Stored data →
|---|

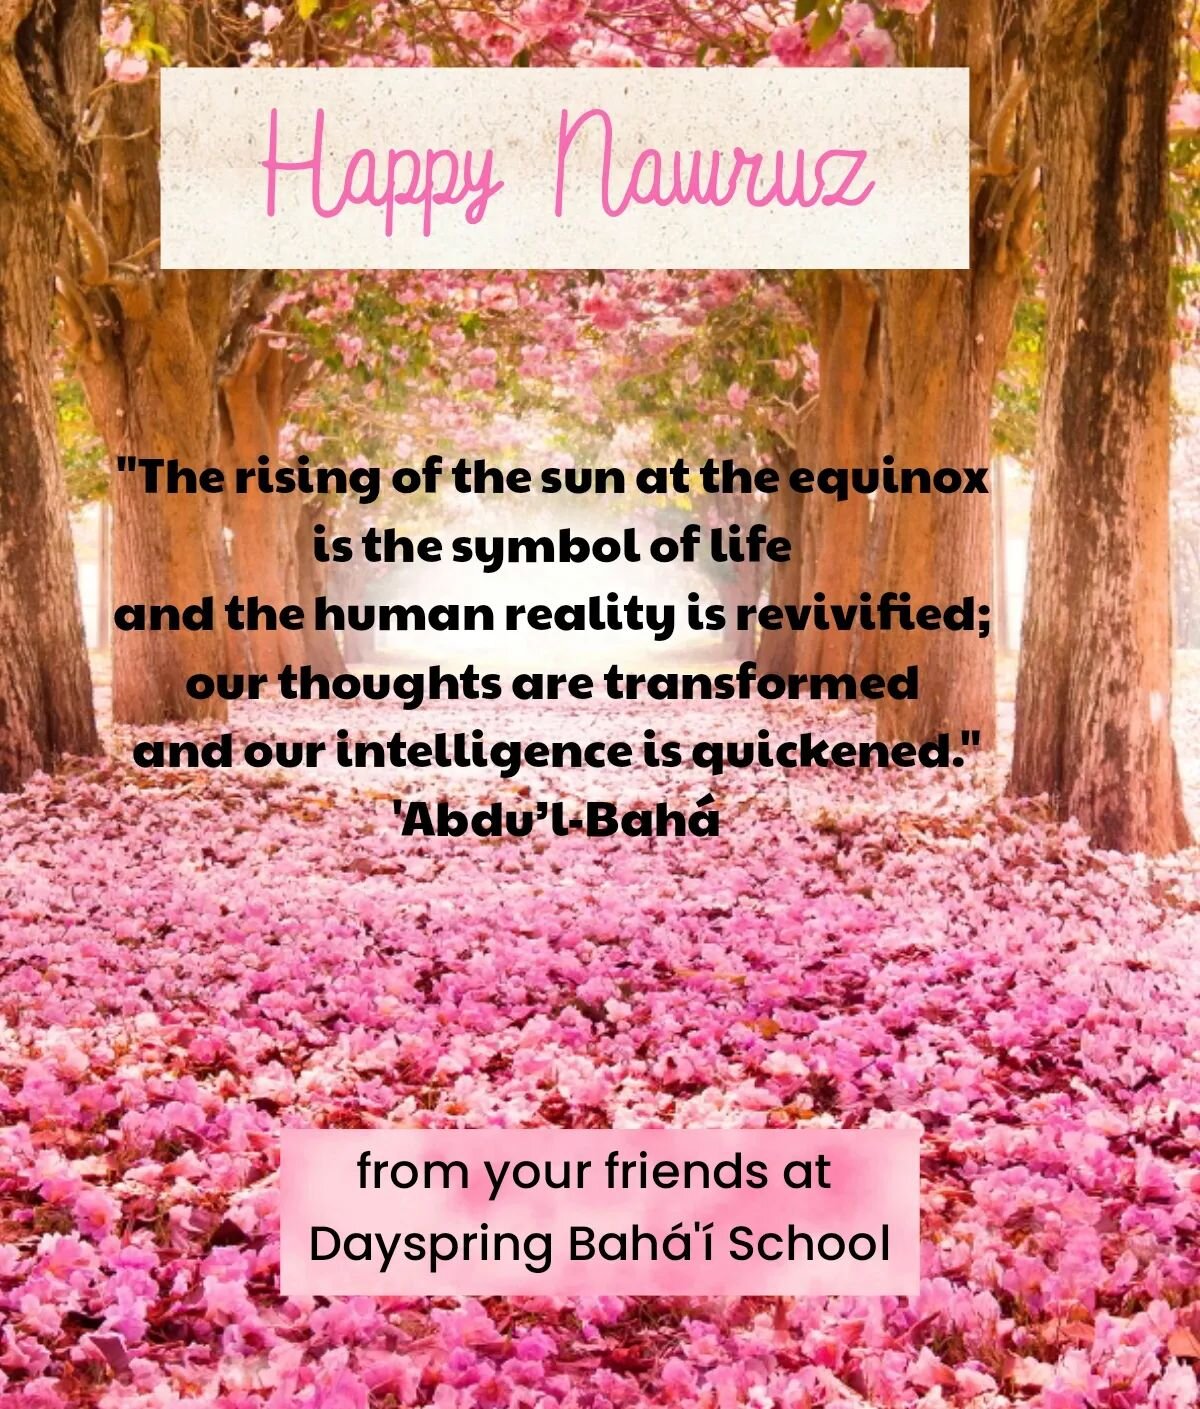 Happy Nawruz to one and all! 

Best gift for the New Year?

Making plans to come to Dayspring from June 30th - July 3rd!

|---|

Write out once more the lines above beginning at the line with "Best gift for the New Year?"; continue through the final line and stop there.

Best gift for the New Year?

Making plans to come to Dayspring from June 30th - July 3rd!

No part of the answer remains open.